For Wendell Nelson, who has been giving dance lessons at famed Billy Bob’s for more than 30 years, the Fort Worth Water Gardens, downtown, are a must-see. “You’ll find a spray pool colored by constant rainbows, a quiet meditation pool, and an active pool where water seems to cascade onto you,” he says. “I love to see jaws drop when people see it for the first time. It’s like being in the middle of a whirlpool.”

> Cool Culture

Movies and entertainment are a top priority for investment banker and filmmaker Porter Farrell: “We love the film series at the Modern Art Museum, and there’s a great theater called the Movie Tavern, where you can order food.”

Megan Henderson recommends a concert at Shipping & Receiving, a bar in South Main Village. It’s a community watering hole, a beer garden, and “an all-around cool place to grab a picnic table, soak in the tunes, and suck down some suds,” she says. “It’s also one of the best music venues in the city, with friendly bartenders and an awesome historic building.”

Henderson also points visitors to Thistle Hill, a 1904 mansion that represents one of the last grand homes from the cattle-baron era. Now a popular local wedding venue, it offers guided tours four days a week.

Maybe because she works with the opera, Sanders loves fashion. Her picks for locally owned boutiques include Beehive, Esther Penn, and ReVint for lovers of retro finds.

> The Icons

Every visitor, Cherry Werner says, has to see the Stockyards and Sundance Square (bustling with retail and food spots), attend the Stock Show and Rodeo (“it fills your heart with Texas pride”)—and stop in at Joe T. Garcia’s for Tex-Mex food and margaritas.

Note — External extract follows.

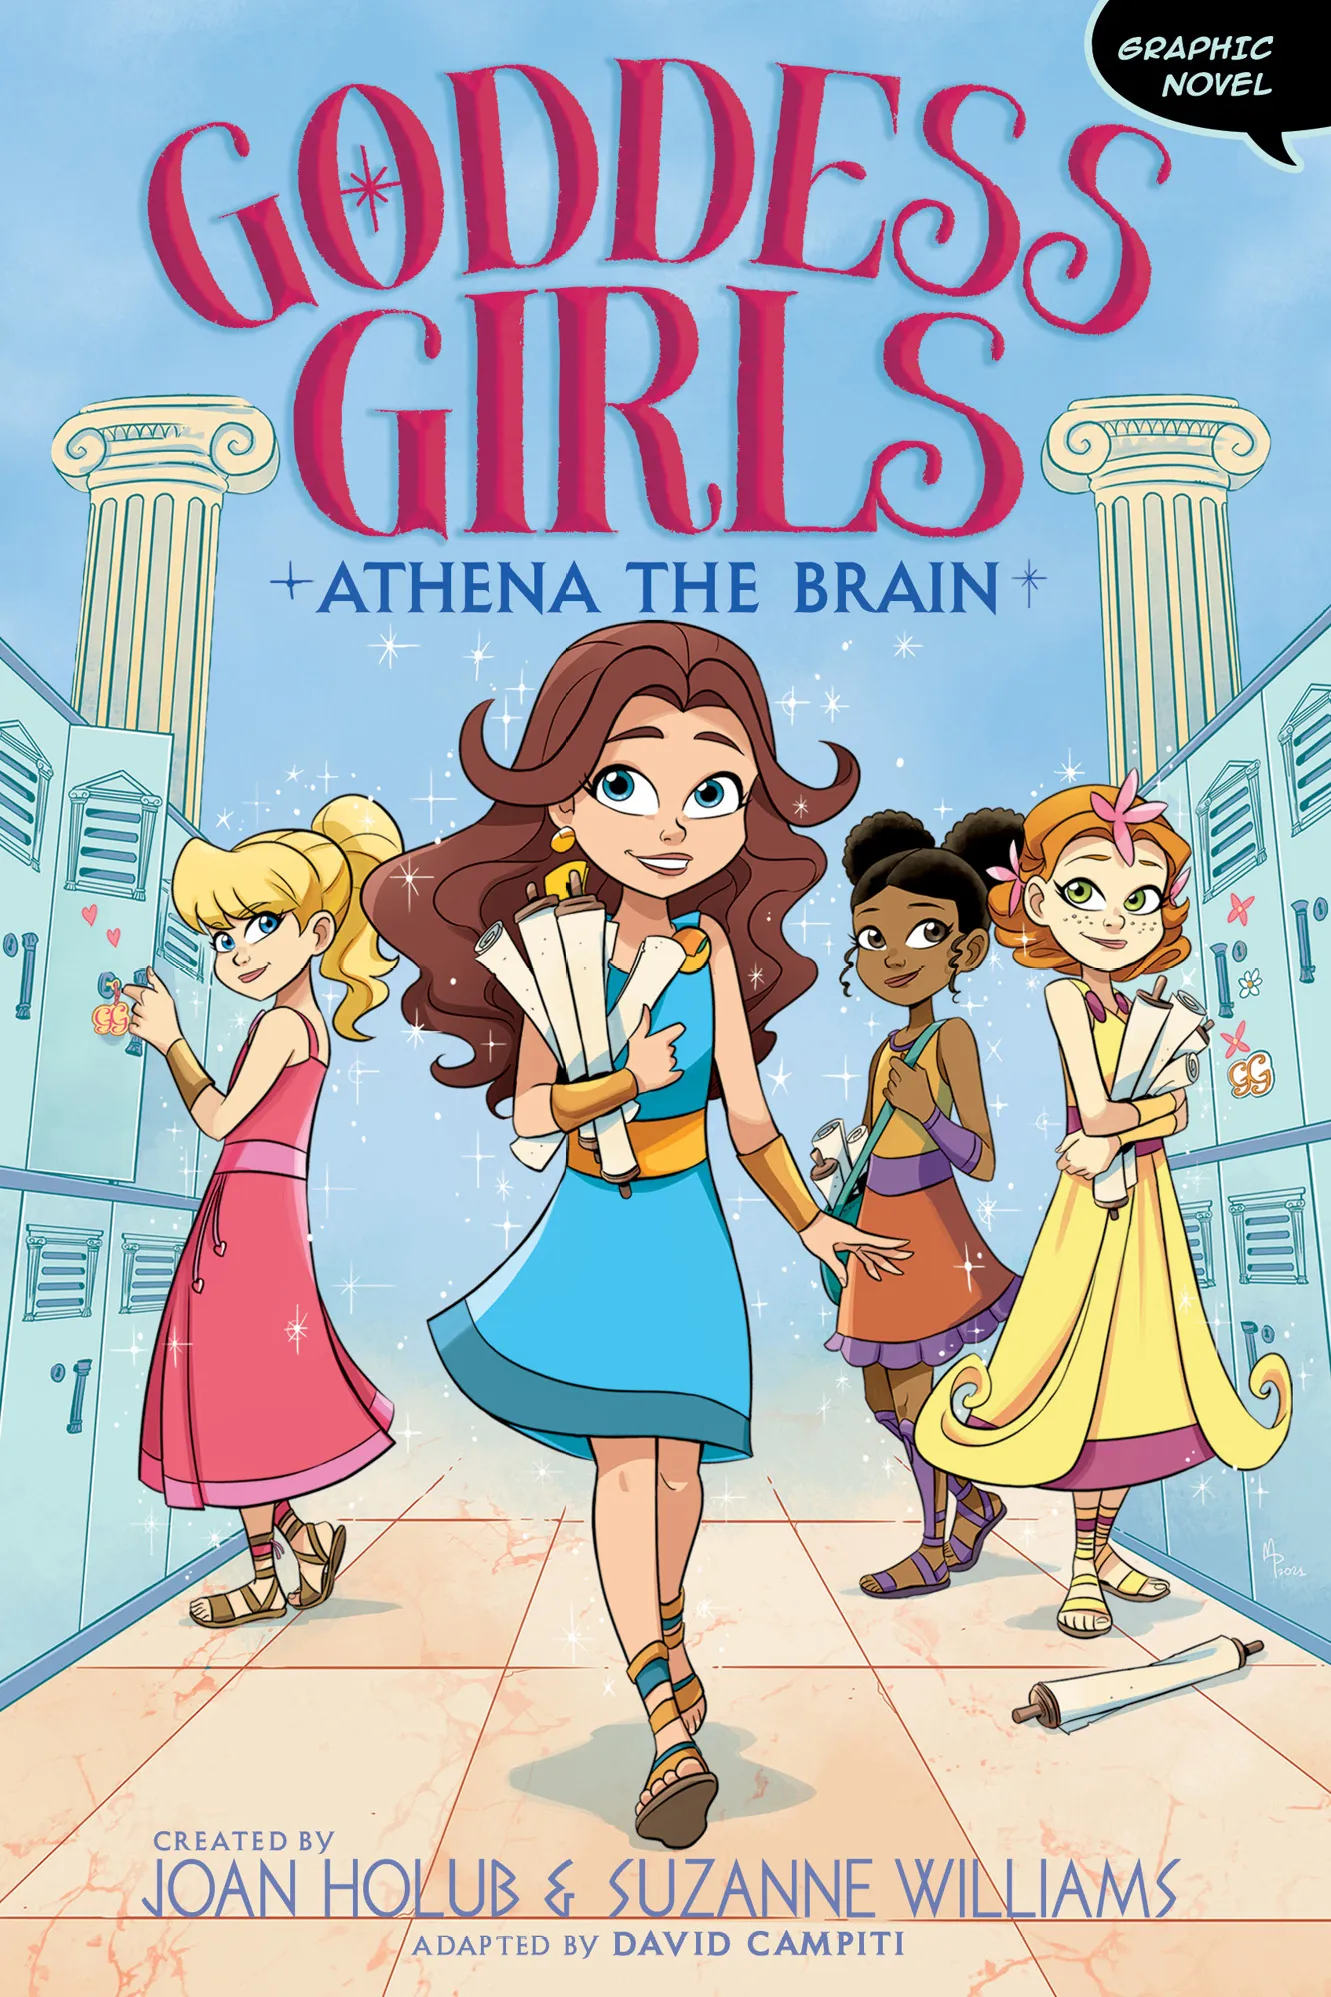 Athena the Brain: Graphic Novel (Goddess Girls Graphic Novels #1)
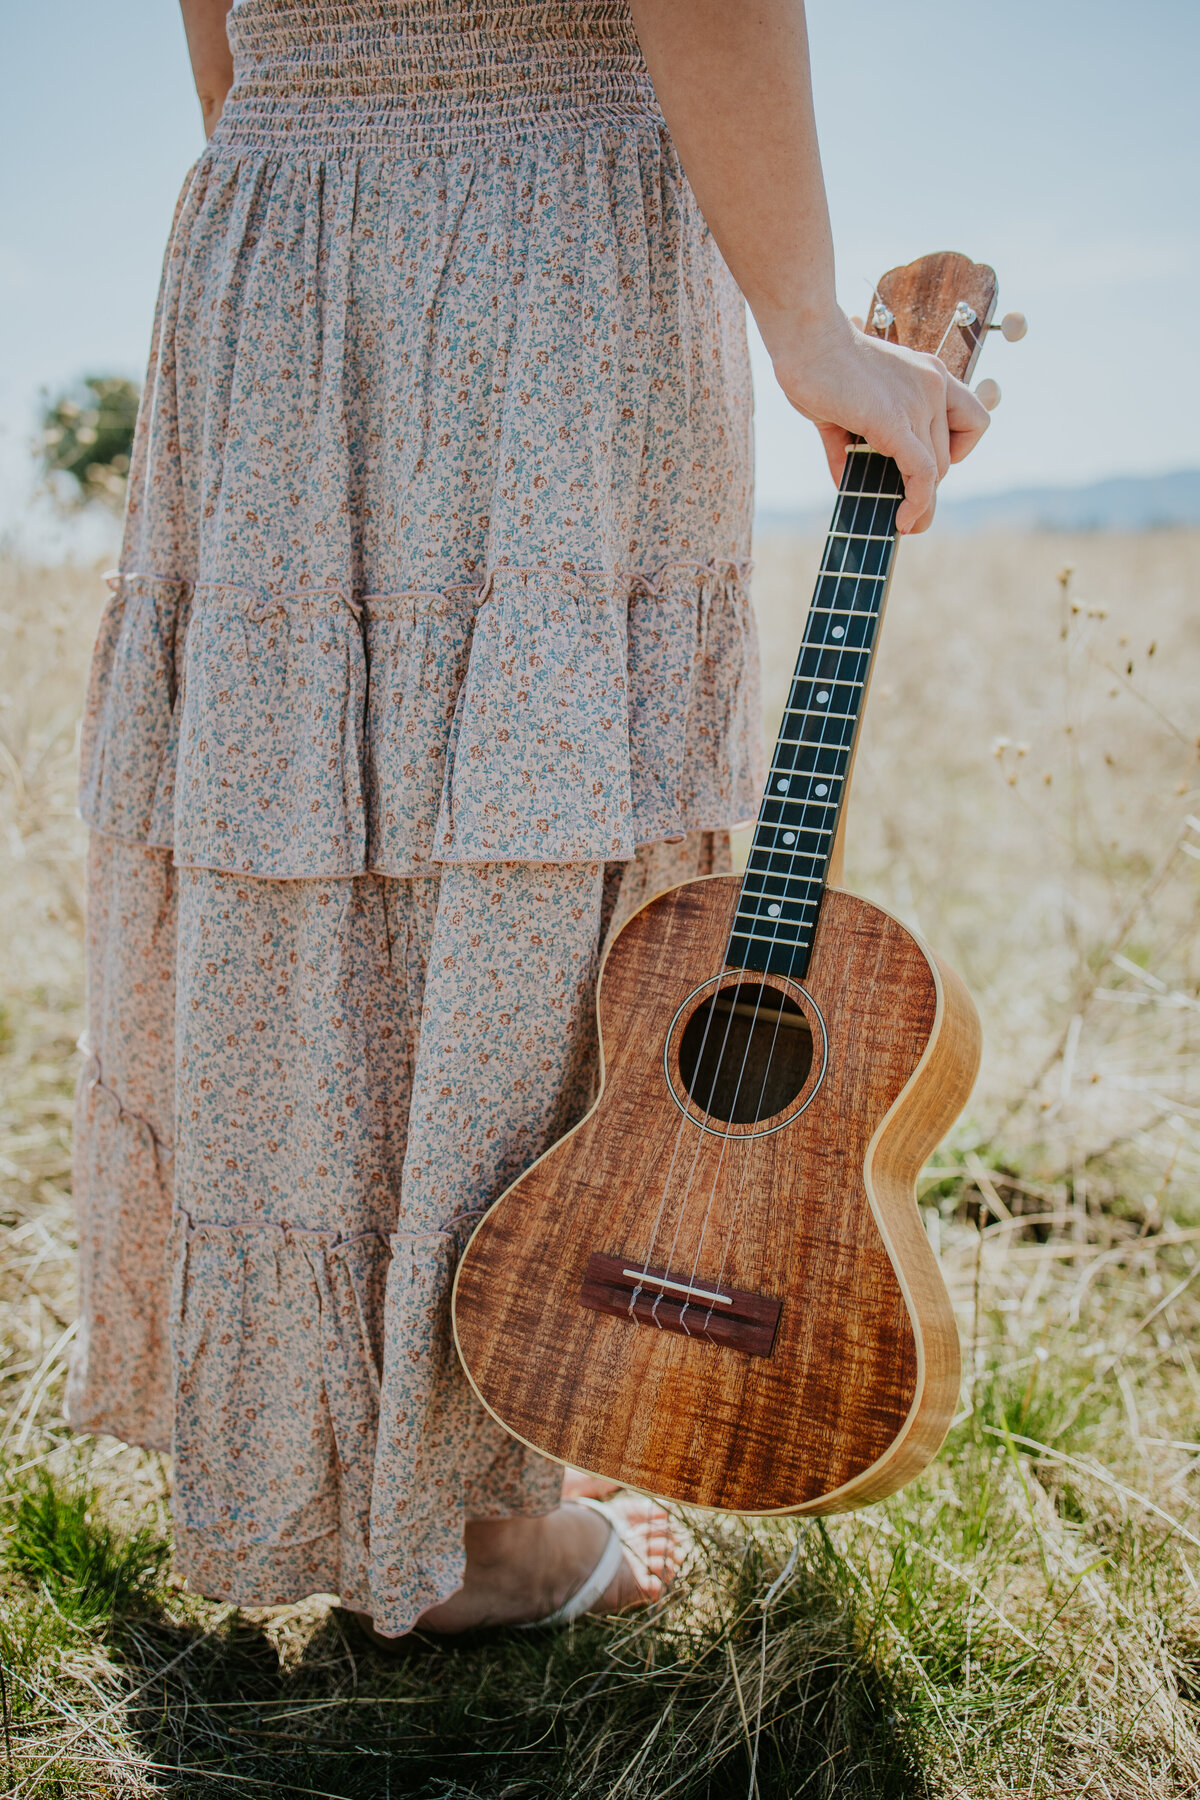 Shot of girl wearing skirt from waist down holding ukulele.

Sundance Square, the heart of downtown Fort Worth, also is a must for Fetty. “It’s a great place to gather, people-watch, enjoy free events, play in the fountains, sip a drink, grab a bite to eat, take in the view, or just relax.”

Texas Christian University (TCU), especially its culture and football team, is a big part of life in Fort Worth, with many students staying in the city after they graduate. Zieser recommends attending a TCU football game, when the “entire town is painted purple” and buzzes with “high energy and loud crowds.”

The Fort Worth Zoo is a major draw for families, says Mark Leddy, general manager of cowboy- boot maker M.L. Leddy’s. He loved taking his children to the zoo when they were young, and to the Fort Worth Museum of Science and History.

> Biking, Brews, and Brunch

Kristen Camareno is the executive director of Fort Worth Bike Sharing—and a big fan of two-wheeling around the city. She especially enjoys biking to brunch at the Bearded Lady, or Stir Crazy Baked Goods (for the quiche), both on Magnolia Avenue.

Fort Worth’s breweries are the draw for Zieser, who loves Panther Island, Rahr & Sons, and Martin House for stellar craft beers in a laid-back atmosphere.

Visitors keen on traditional comfort foods such as chicken and dumplings should head to the Paris Coffee Shop, says Nelson. “Any celebrity in town will be there, and their pies are out of this world.”